Web Archiving Program Overview

The University’s Records Management Procedures states under part 8:

“…Records Services is responsible for implementing a web archiving program to ensure public University web pages are preserved as University records. Budget divisions and work units responsible for web pages must check that their sites are archived as part of this program. They should also notify Records Services before removing sites.

Content on internal University sites are records, and content owners must manage it according to the provisions that apply to all records…”

Records Services uses the Internet Archive’s subscription based service Archive-It as its web archiving tool. Technical details about Archive-It are available here.

A whole of domain archive consisting of the Unimelb domain, and its hundreds of unimelb subdomains, is captured on a quarterly basis in January, April, July and October. The quarterly captures only provide a record of what was on a University website at the time of the capture and do not provide specific evidence of how many times a page may have been updated in between each quarter’s captures.

Selective captures are run for websites identified as being required to be captured on a more frequent basis, or for websites that are decommissioned between the quarterly captures. An example of a selective capture is the home page which is captured on a daily basis and the social media capture which is captured weekly.

In order for the websites to be captured, they have been grouped into collections based on whether it is a Faculty, Department, School, Centre, Institute website, or administrative function based website such as Student Administration, Student Services, External Relations and Information Management. The organising of websites into collections is a requirement of Archive-It, as well as a practical necessity, to try and capture all 300 plus web sites in one big capture all at once would take weeks to run. Instead, by grouping websites into smaller collections the captures are completed quickly. To find a website, you do not need to know what collection a website is a part of, you only need to enter in the URL to find out whether or not it has been archived.

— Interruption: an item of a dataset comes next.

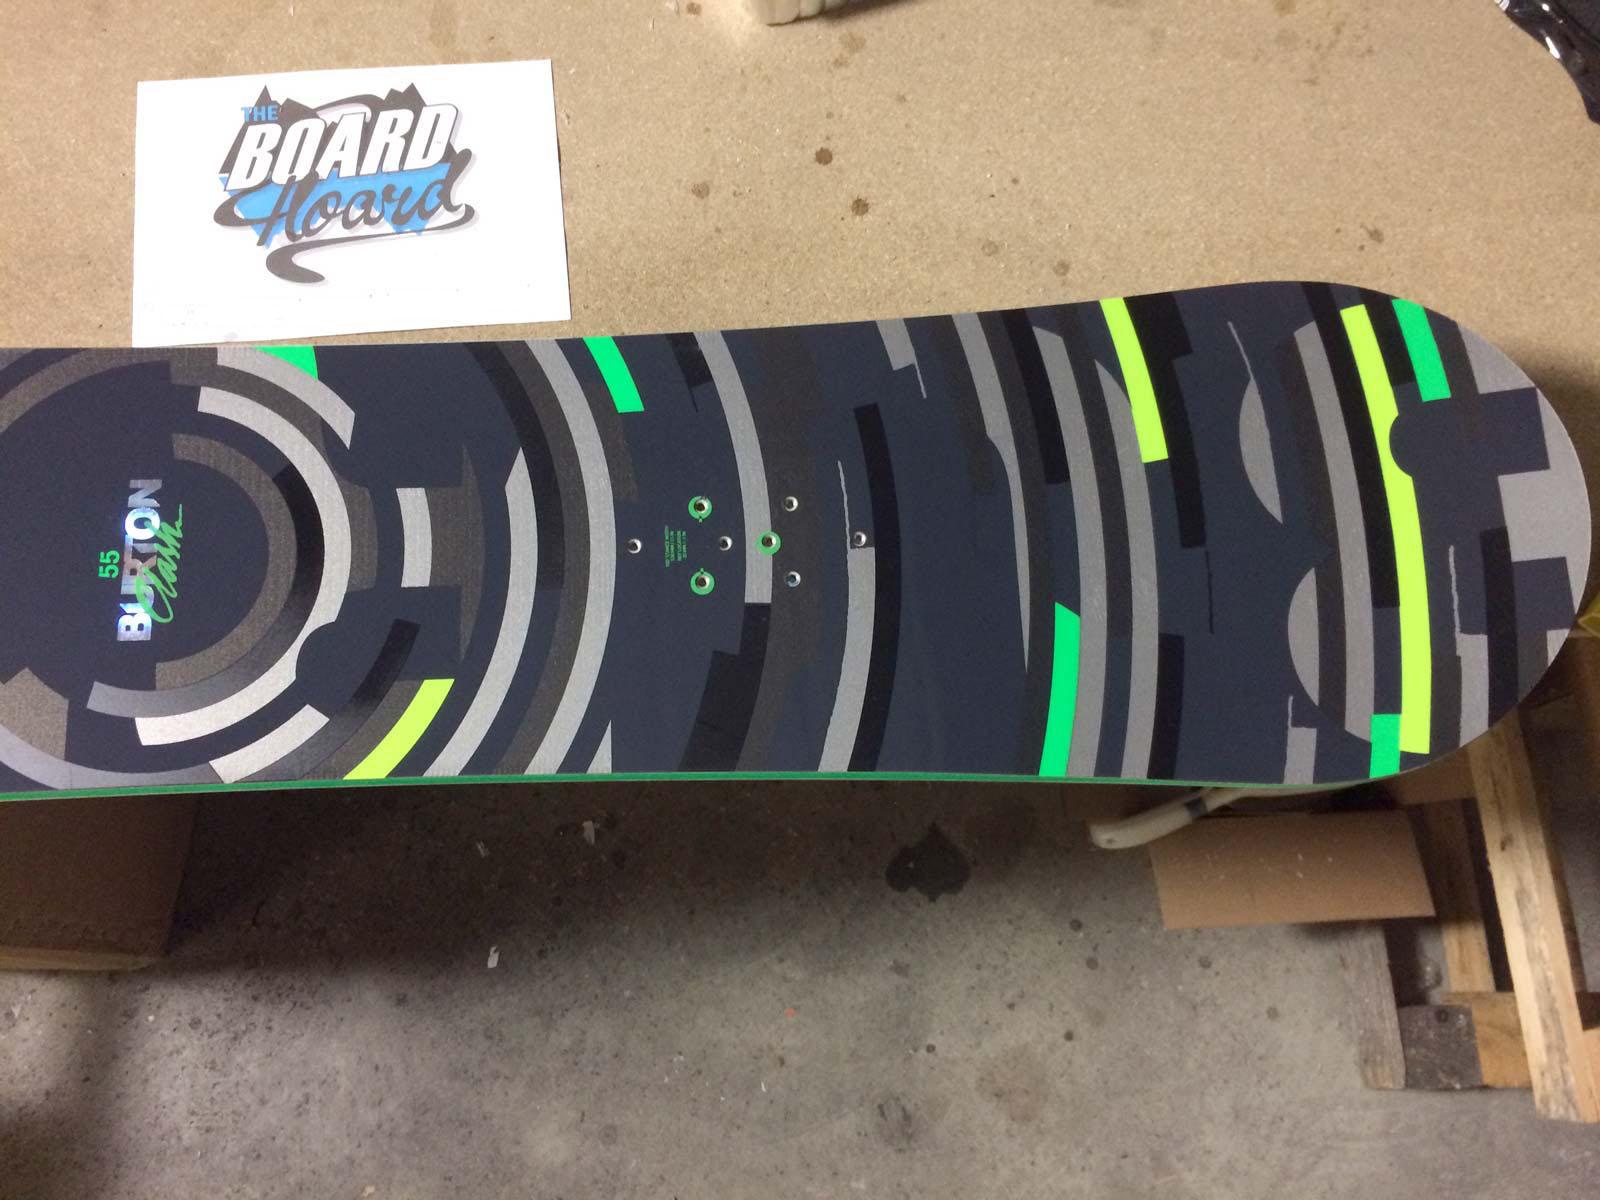 Used Burton Clash Rocker Snowboard 155cm - Excellent Condition - 9 ... b655c63ff

Captures (or crawls) are set to run for different time periods to ensure that a crawl has time to capture all the pages on all the websites within a collection on a regular basis.

After a crawl has been completed, a quality assurance audit is conducted on each seed that has been archived to check that the way it appears in the archive is the way it appears live on the web.

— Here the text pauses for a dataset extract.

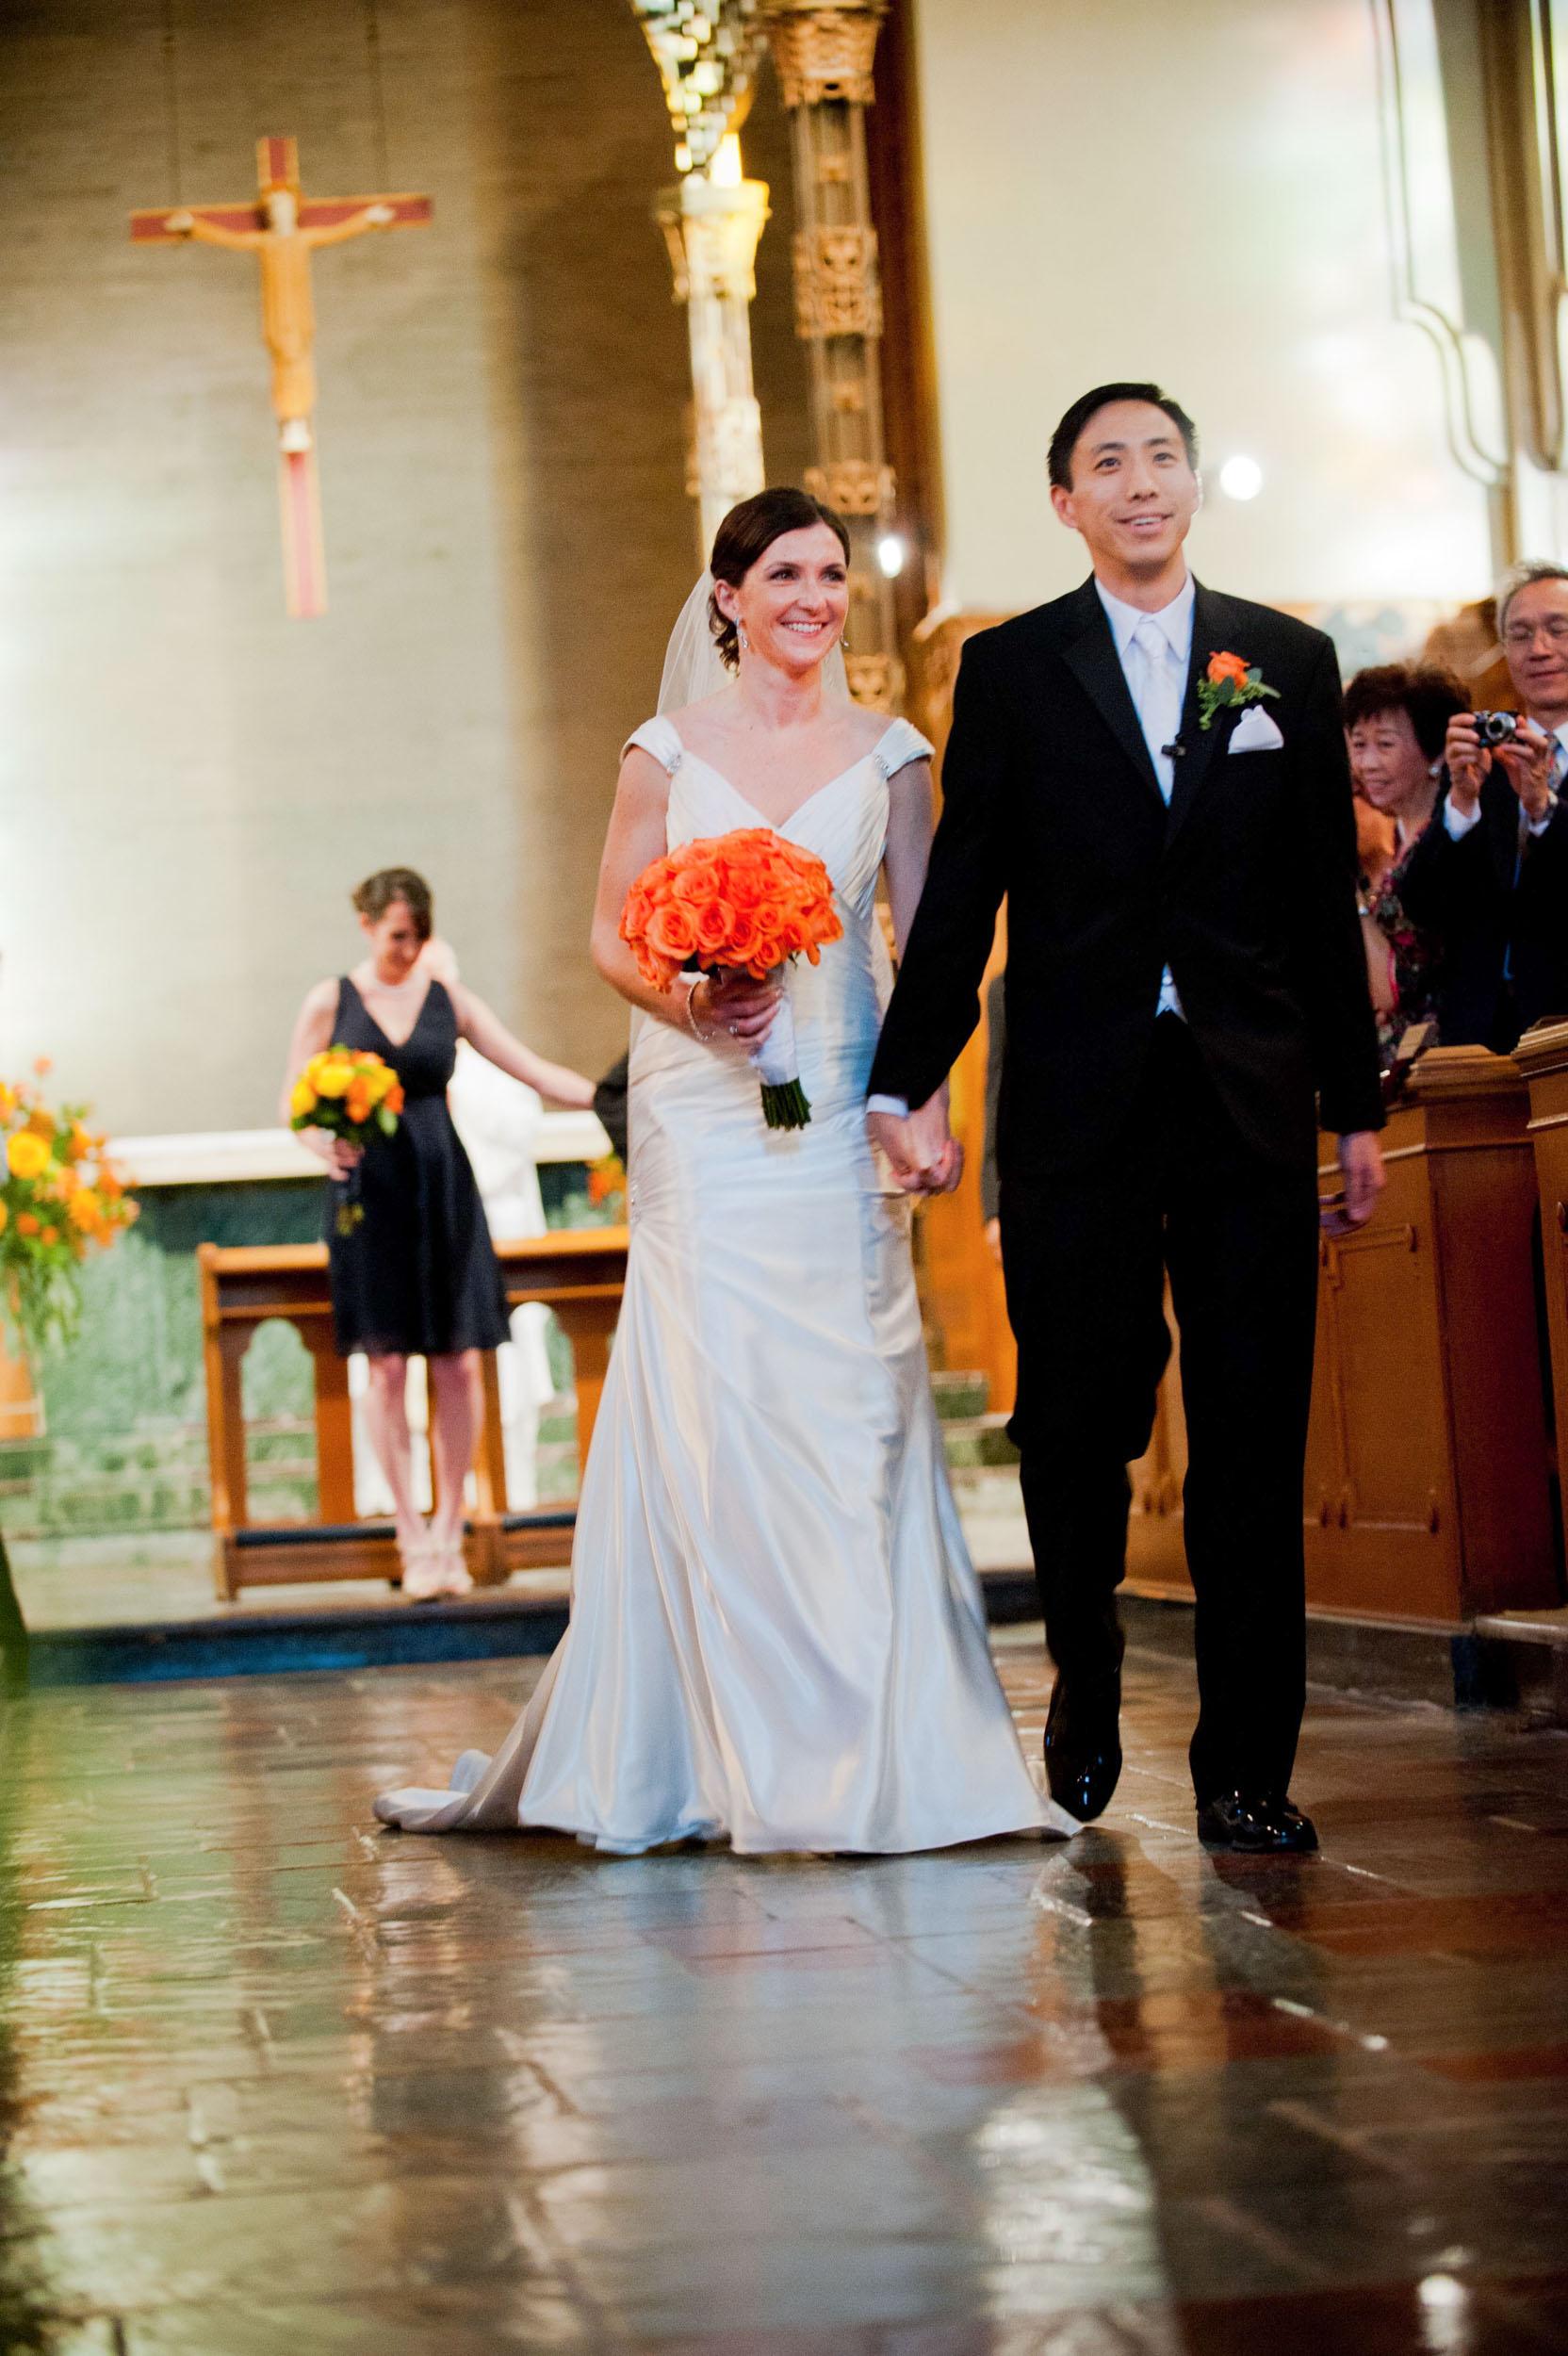 Wedding30_DSC1026-2.jpg

Web Archiving Program Award

Each year, the Public Records Advisory Council (PRAC) of Victoria, offer the Sir Rupert Hamer Records Management Awards, recognising excellence and innovation in the Victorian public sector.  The Awards are named after Sir Rupert Hamer who was the Victorian Premier when the Public Records Act was passed in 1973 and when the Public Record Office Victoria opened its first office and repository.  In a ceremony held at Parliament House on Thursday 28th May 2009, the University of Melbourne Web Archiving Program was awarded a Certificate of Commendation in the large government agency category.

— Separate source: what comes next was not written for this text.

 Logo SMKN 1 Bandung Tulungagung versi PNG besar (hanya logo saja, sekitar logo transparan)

http://prov.vic.gov.au/government/sir-rupert-hamer-awards/past-hamer-award-winners

Web Archiving Program Background

The Web Archiving Program was initiated by Records Services and began life as the Web Archiving Working Group (WAWG) in 2002 which recommended the establishment of the Web Archiving Strategy Project (WASP).  WASP commenced in mid 2003 and ran until 2007 and had 3 major phases.  The first phase involved research and development of a Web Archiving Policy, the second phase focussed on a pilot of software solutions (such as PageVault, TRIM and Pandas) and the third phase - which was to be the implementation phase - was postponed for some time.  In 2007 a business case was developed for a Technical Web Archiving Solution, the outcome of which led to the purchase of a subscription to the Archive-It web application from the Internet Archive.  The Web Archiving Program in its current form officially began in January 2008.